== Exercise data ==
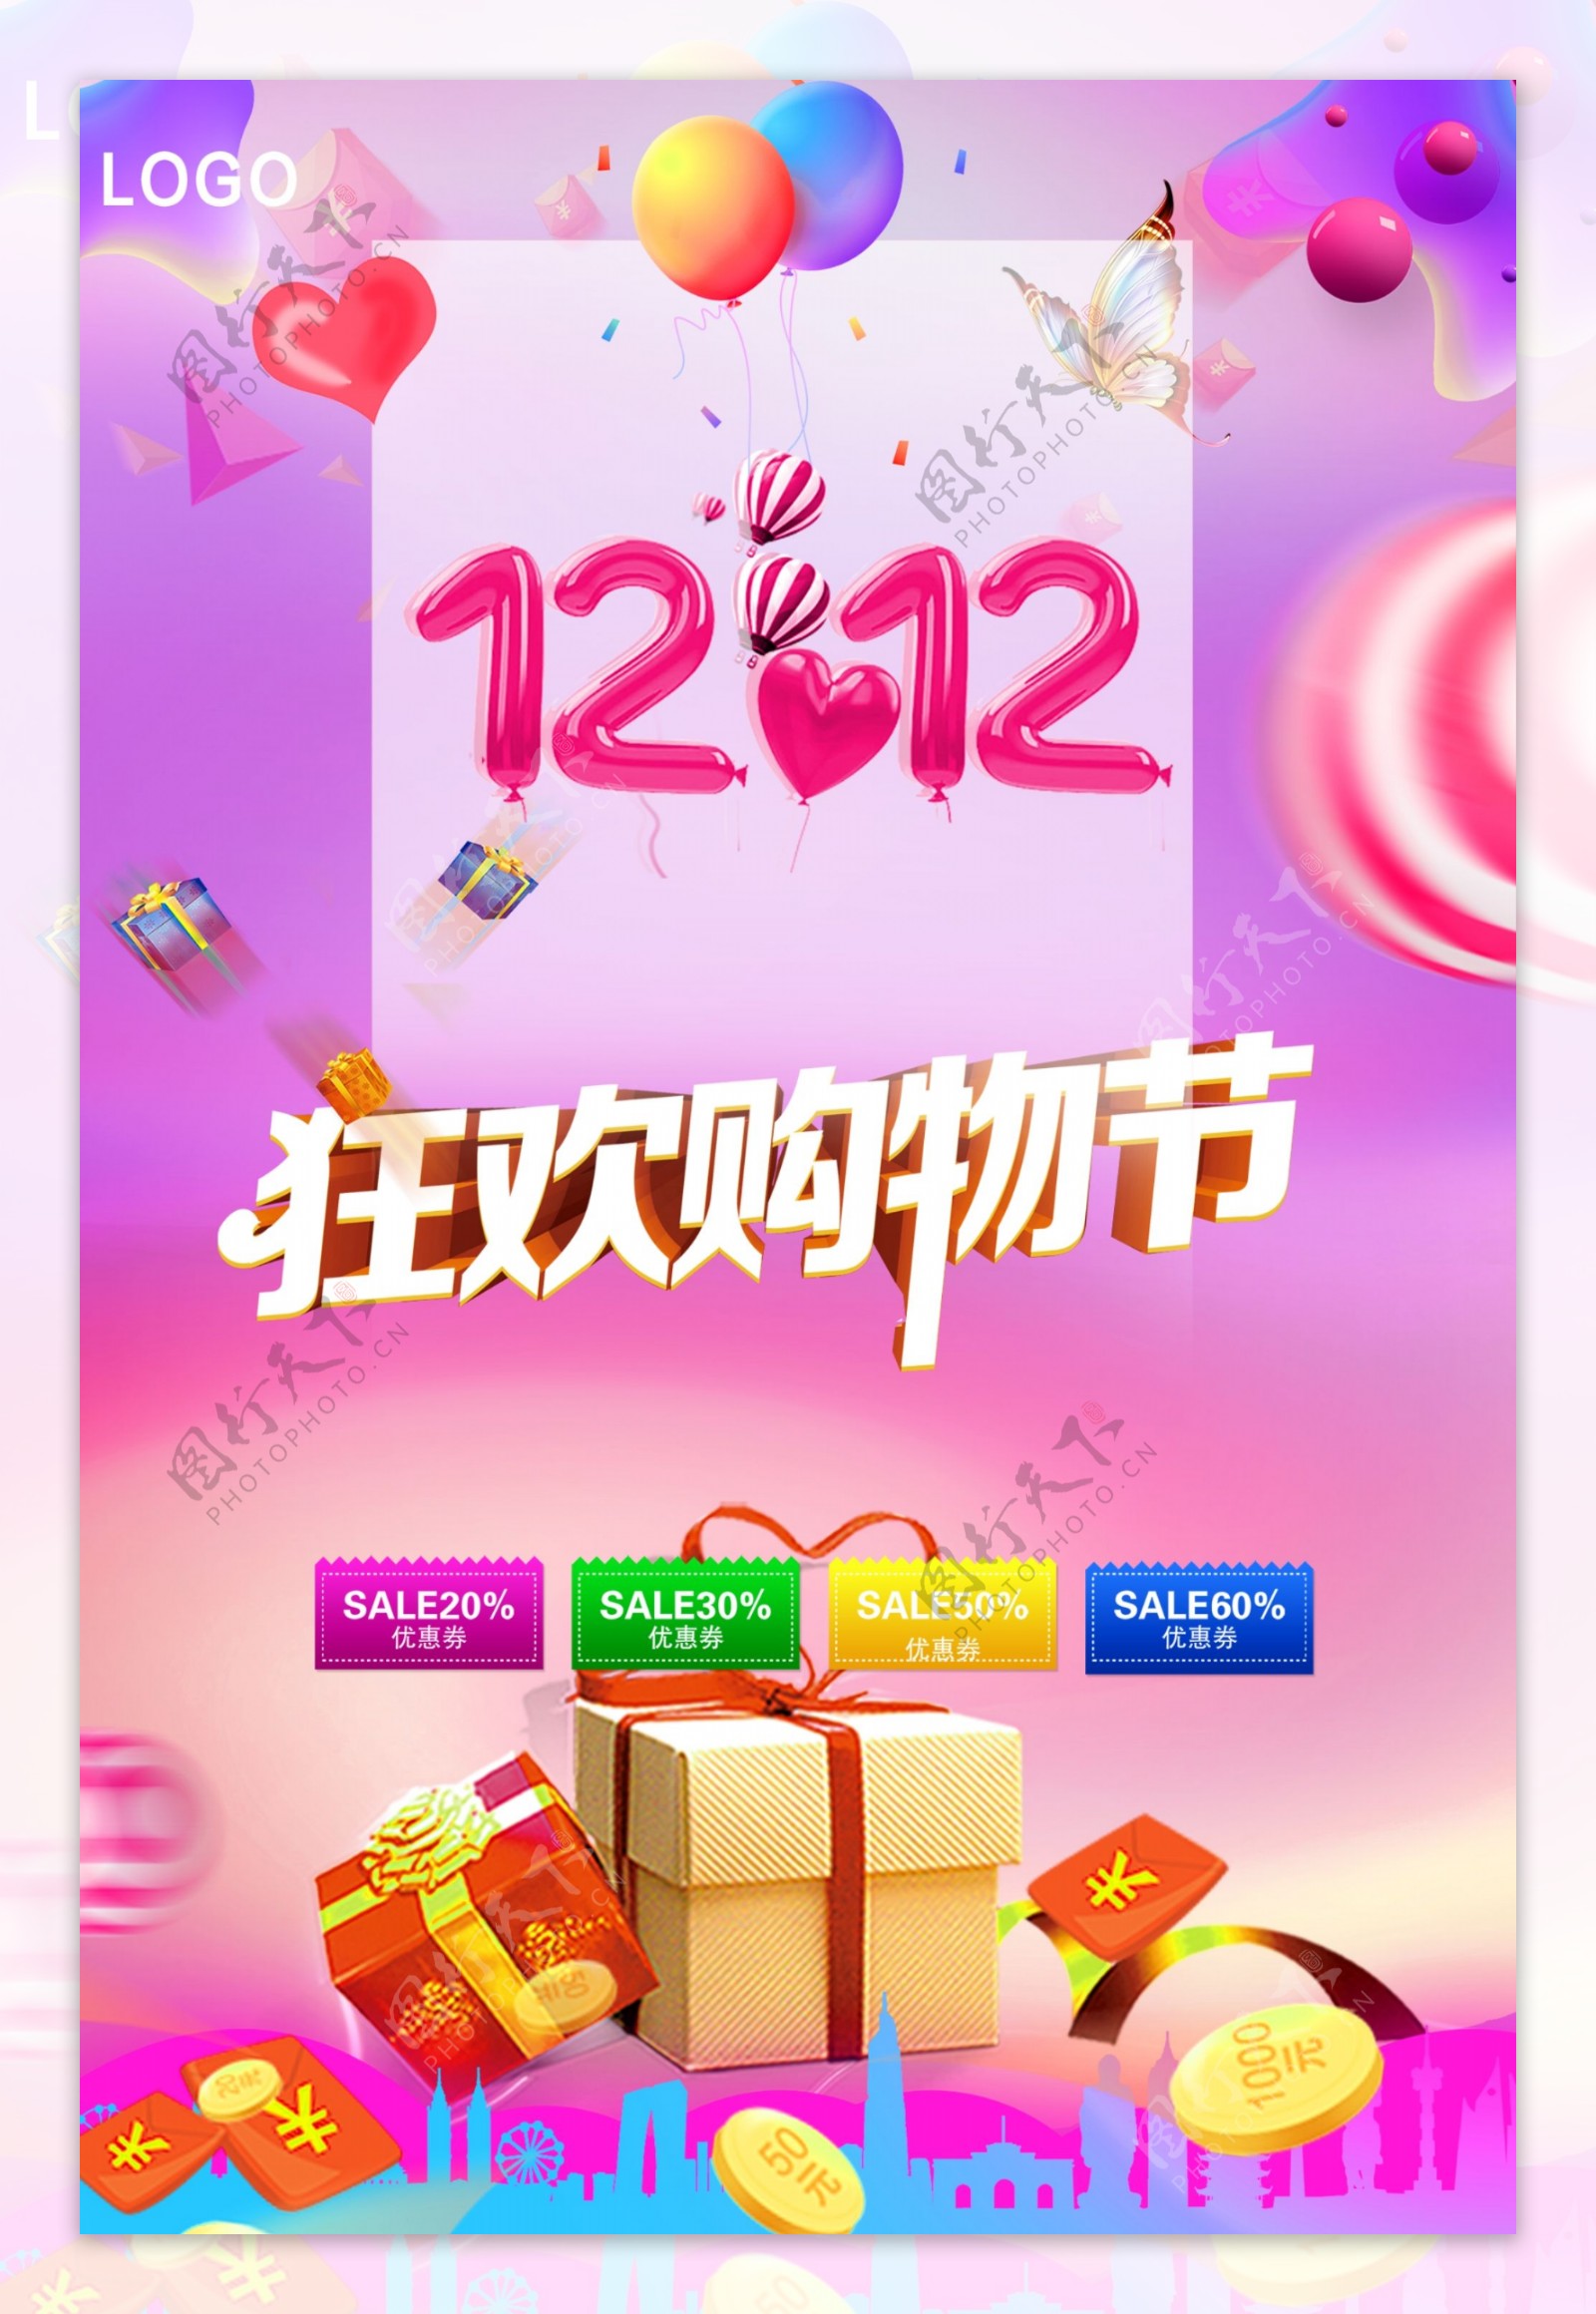 12.12狂欢购物节电商海报
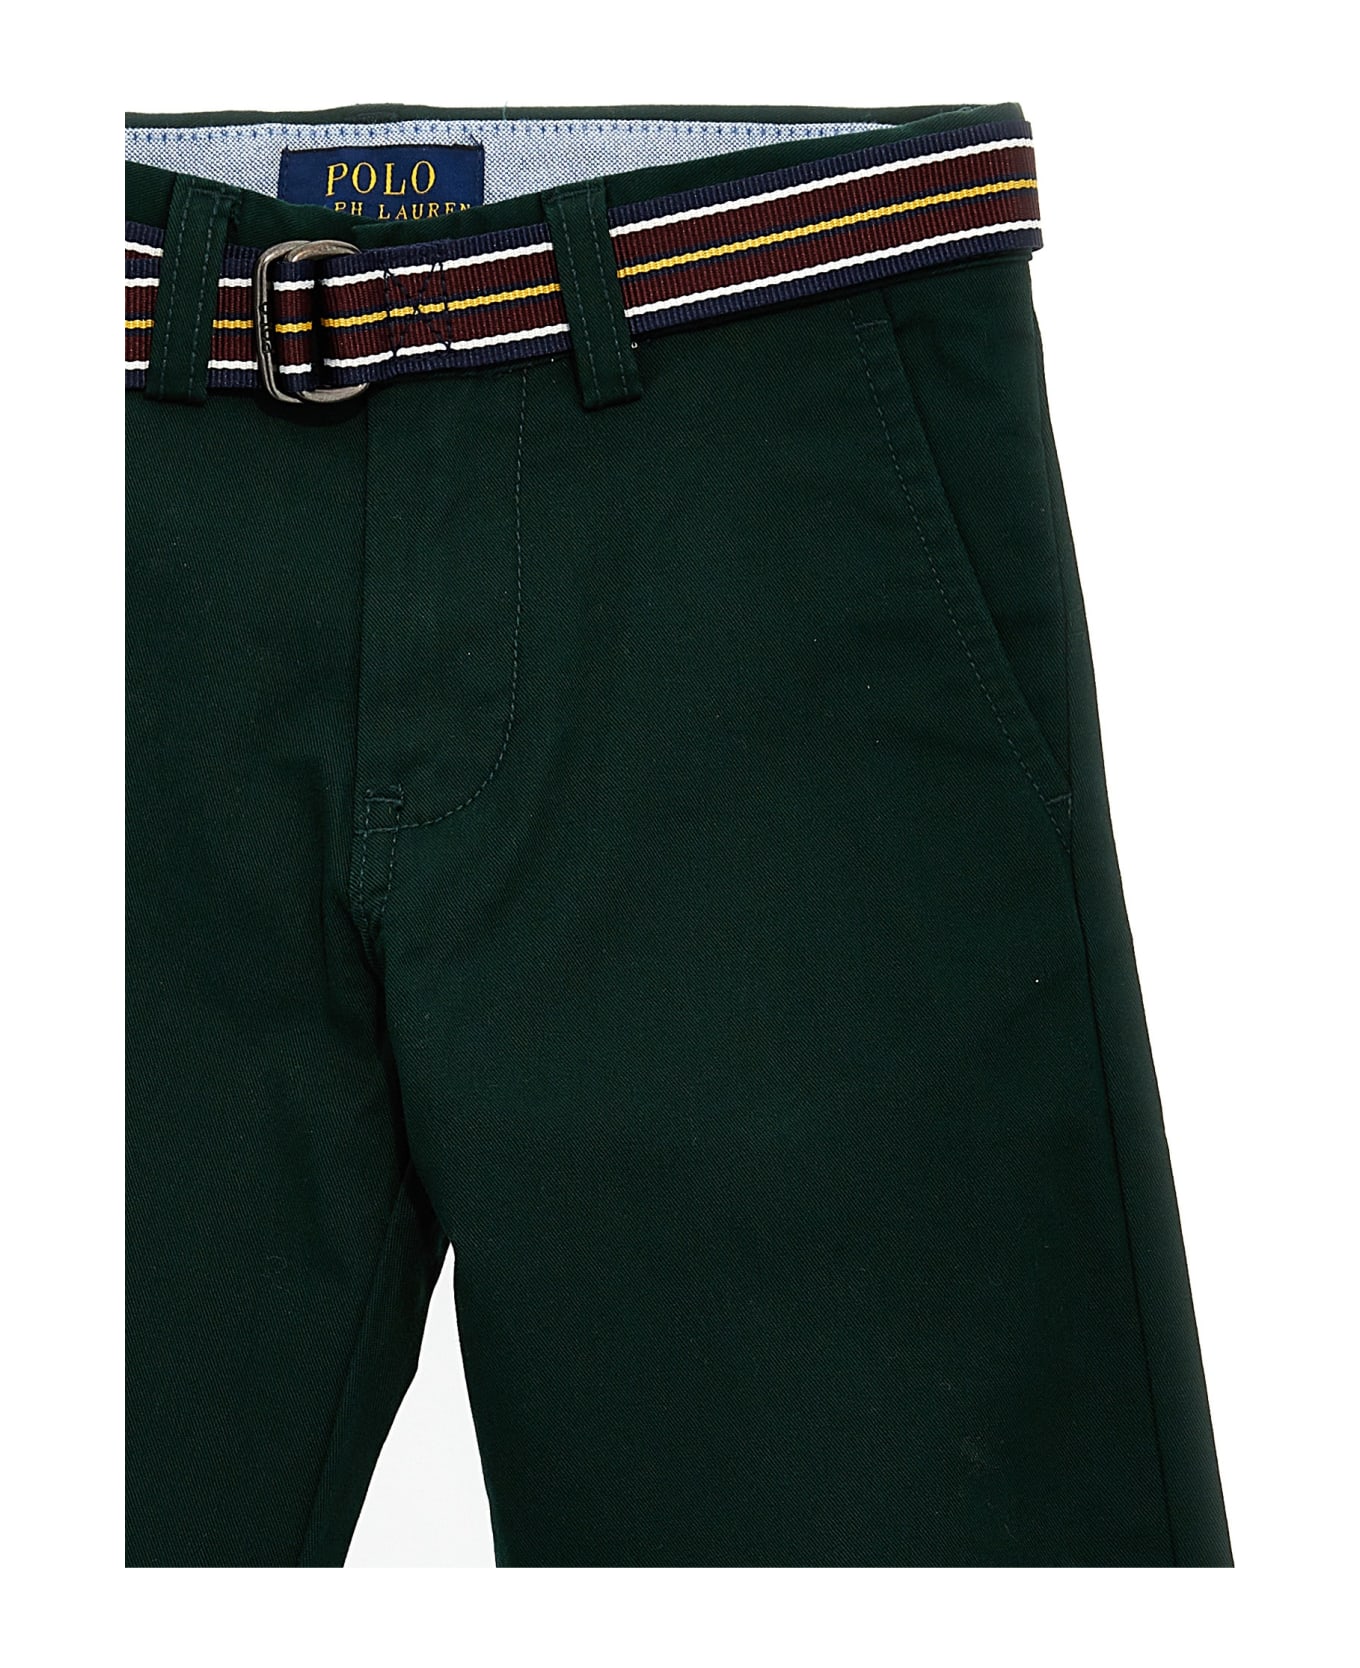 Polo Ralph Lauren Belt Chinos - Green
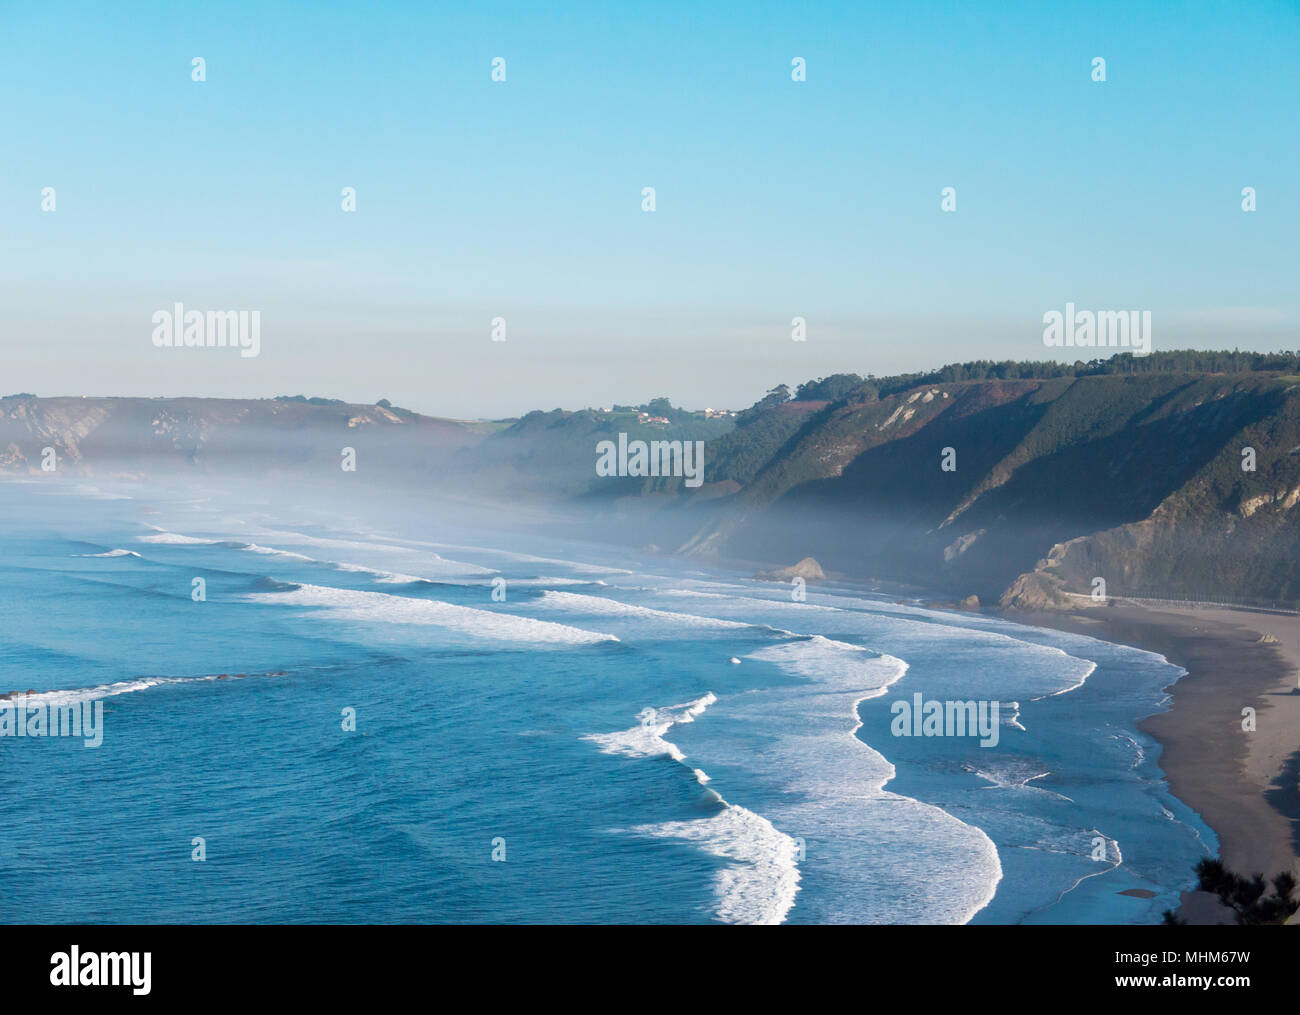 La ligne de côte de l'océan avec de grosses vagues, couverte de brouillard d'eau Banque D'Images
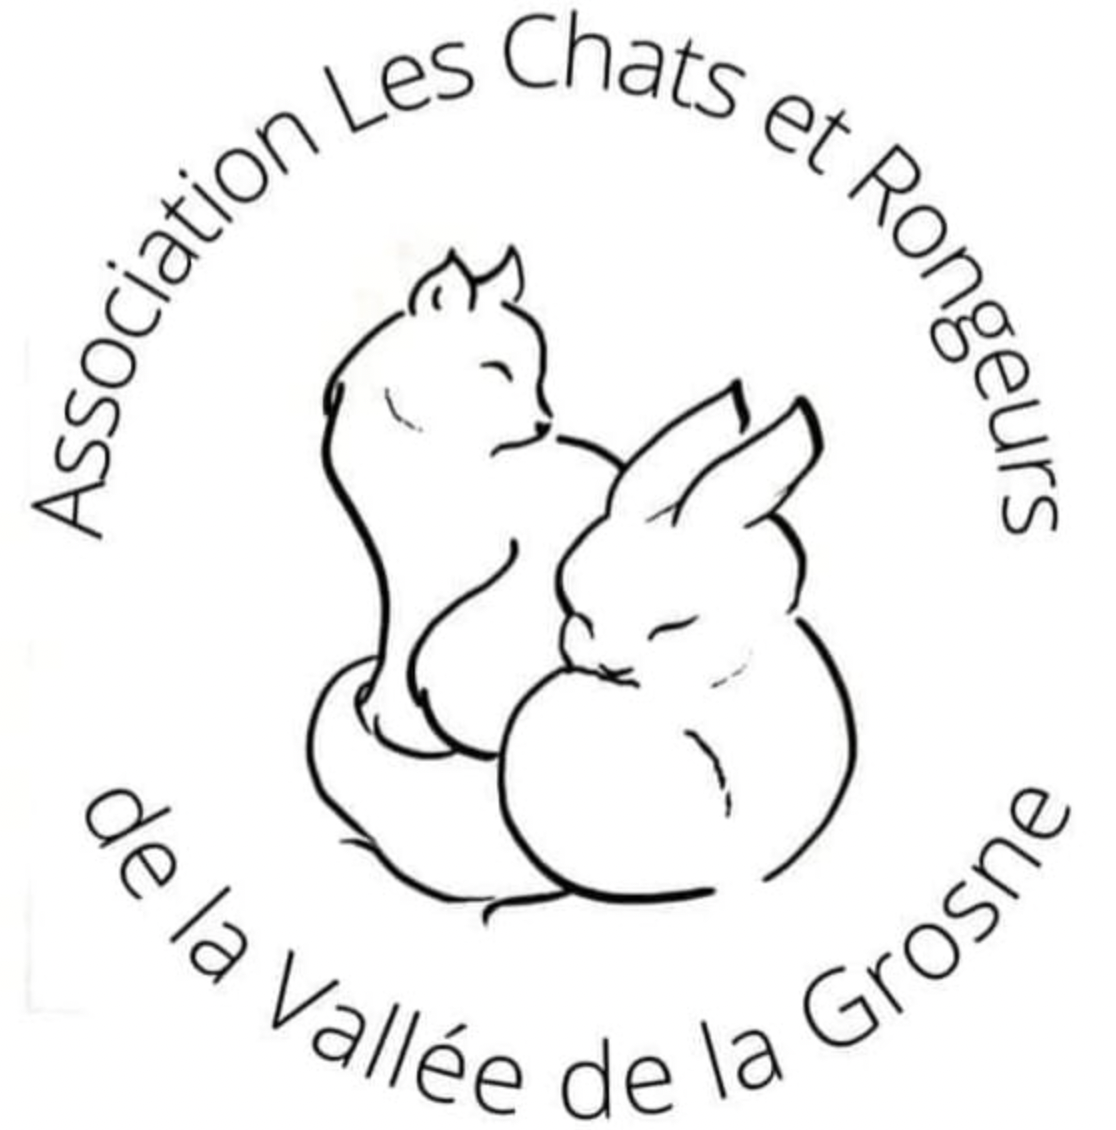 Association Les chats et rongeurs de la vallée de la Grosne

== What is required ==
Print the data above exactly; drop every picture.

== Exercise solution ==
 12.12狂欢购物节电商海报
 Polo Ralph Lauren Belt Chinos - Green
 La ligne de côte de l'océan avec de grosses vagues, couverte de brouillard d'eau Banque D'Images
 Association Les chats et rongeurs de la vallée de la Grosne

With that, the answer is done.